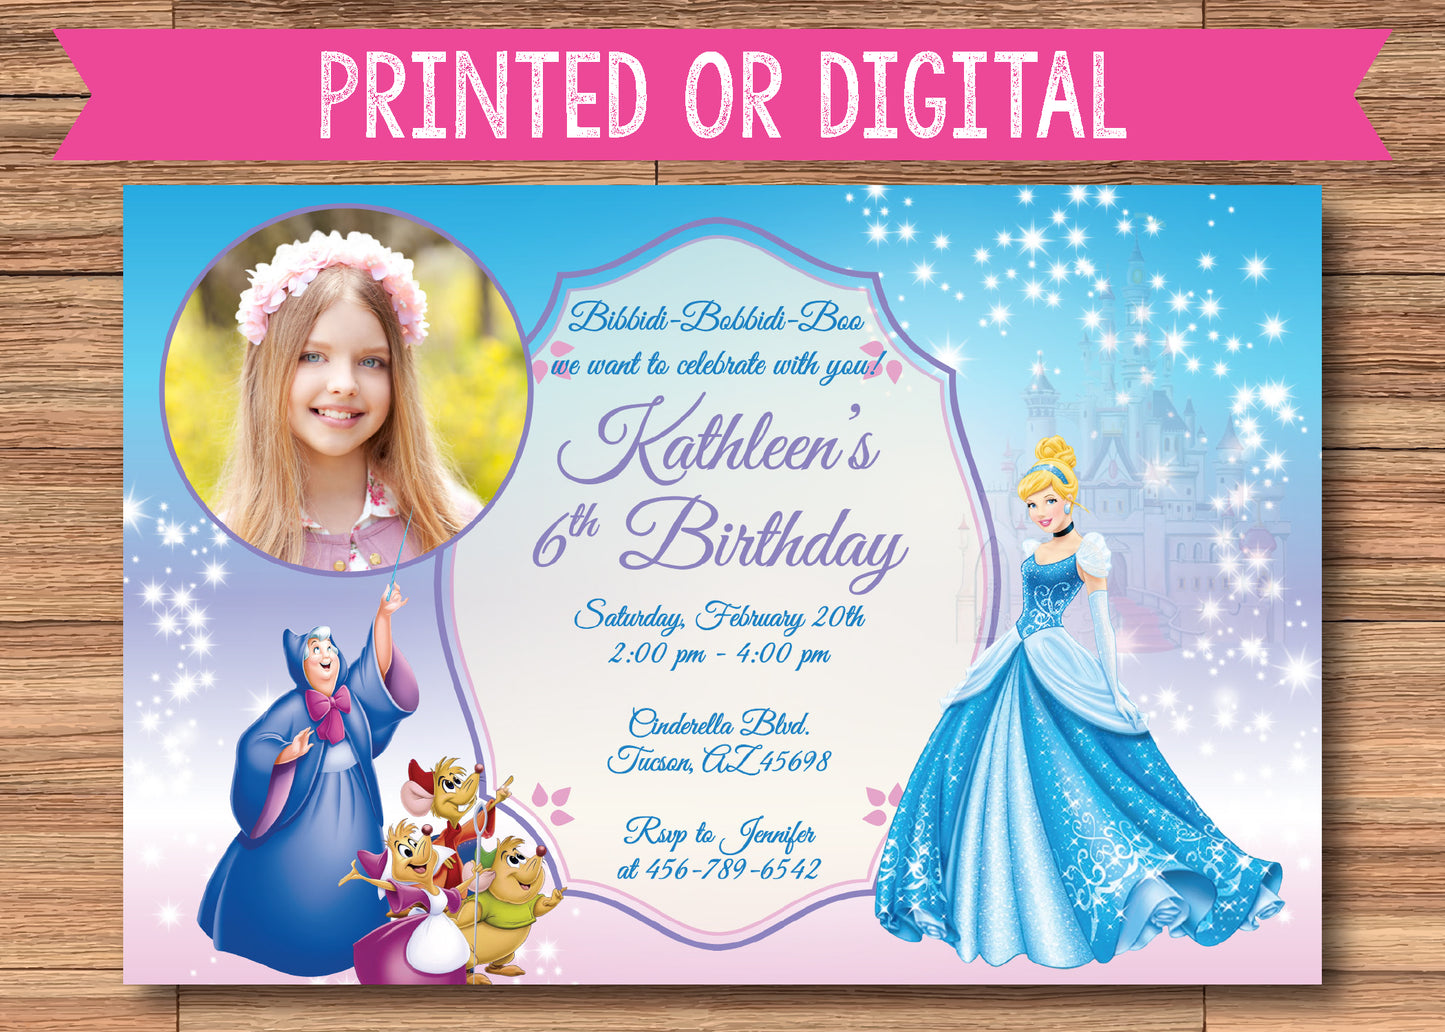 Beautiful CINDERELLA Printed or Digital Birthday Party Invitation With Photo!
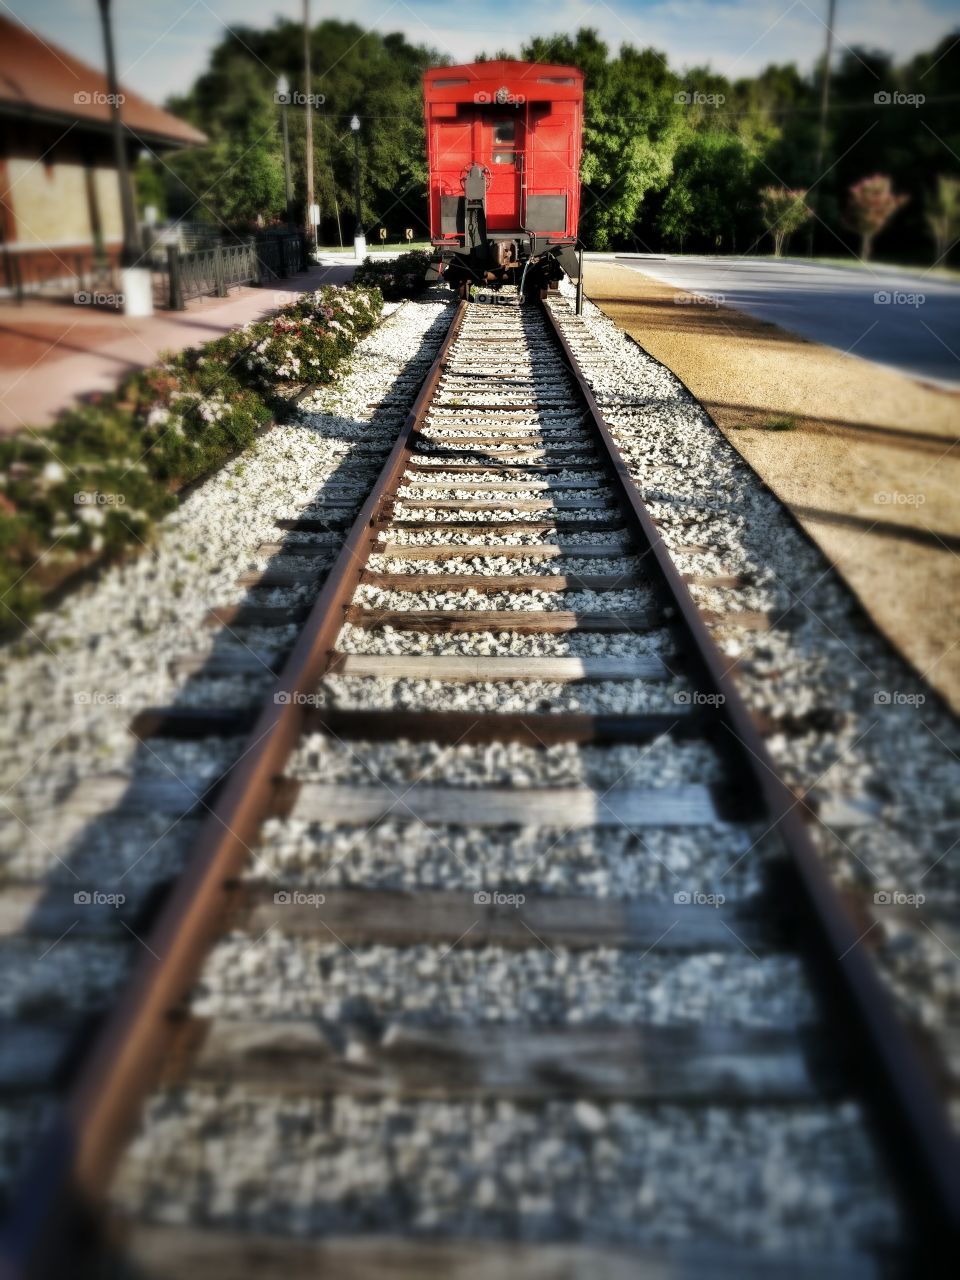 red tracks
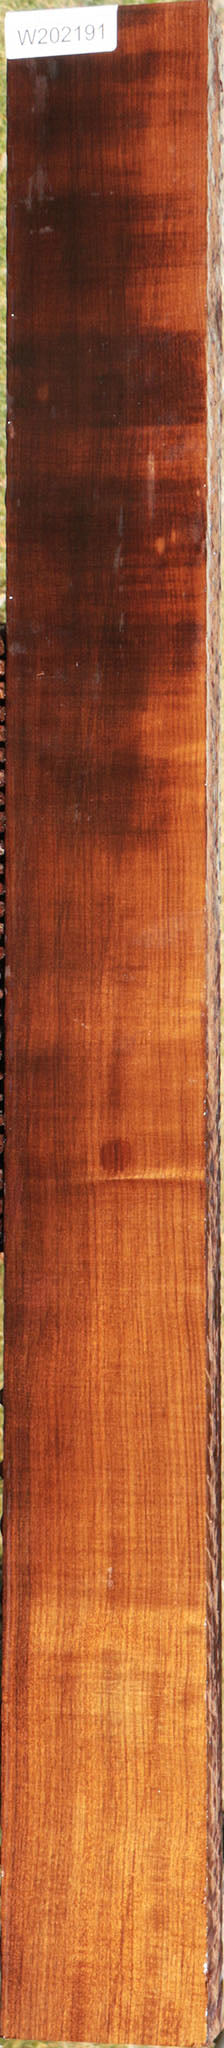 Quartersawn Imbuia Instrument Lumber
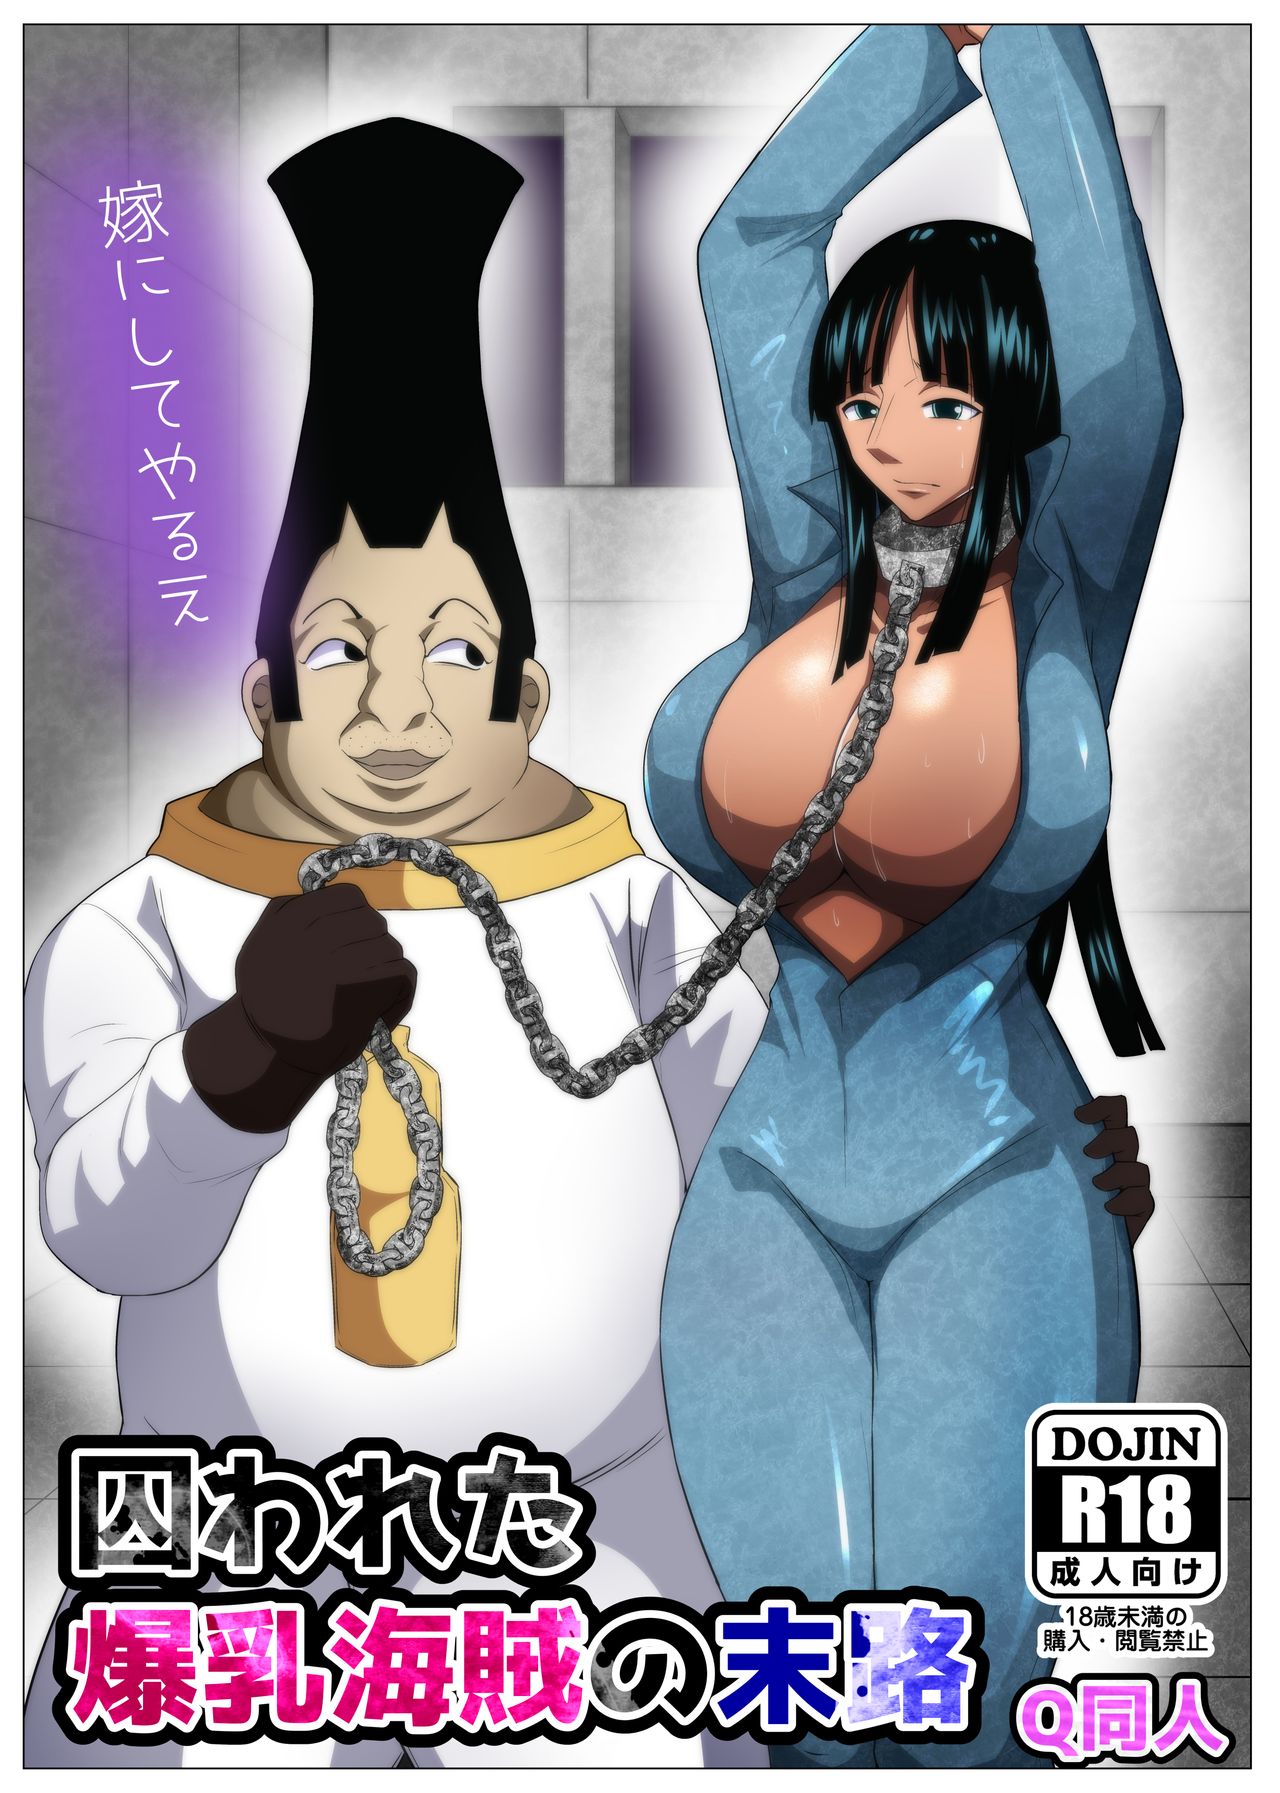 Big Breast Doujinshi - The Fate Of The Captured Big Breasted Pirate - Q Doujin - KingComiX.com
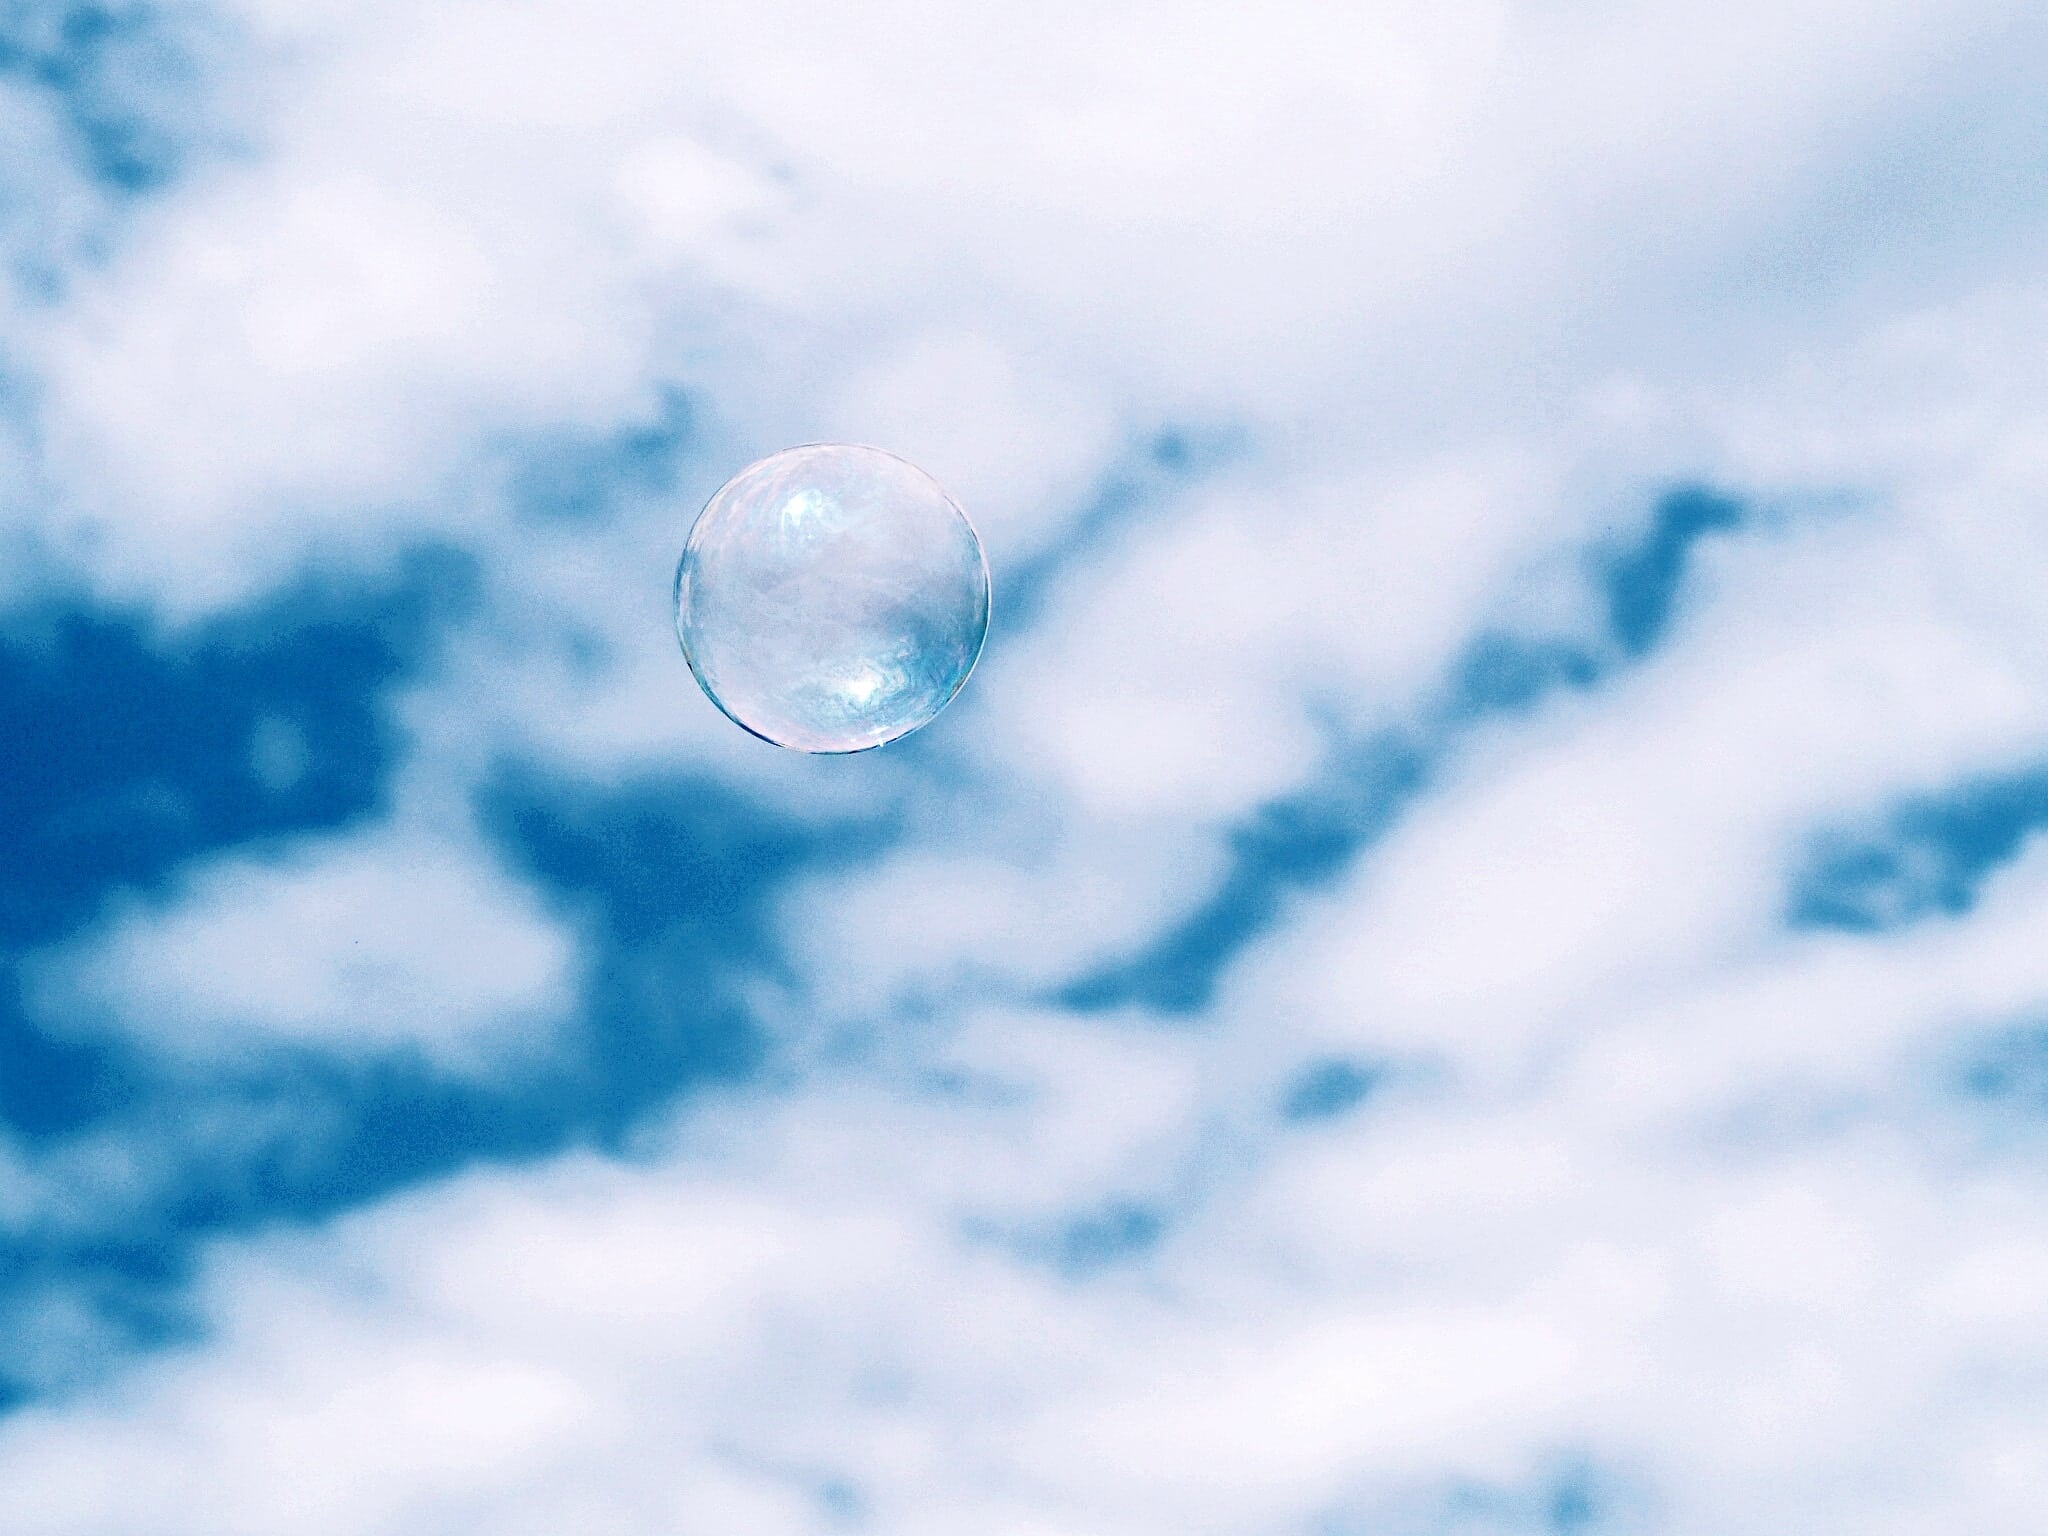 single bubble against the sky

● TASK TO COMPLETE: Return each line above word for word. Skip the pictures.

● SOLUTION:
 Beautiful CINDERELLA Printed or Digital Birthday Party Invitation With Photo!
 red tracks
 Quartersawn Imbuia Instrument Lumber
 Big Breast Doujinshi - The Fate Of The Captured Big Breasted Pirate - Q Doujin - KingComiX.com
 single bubble against the sky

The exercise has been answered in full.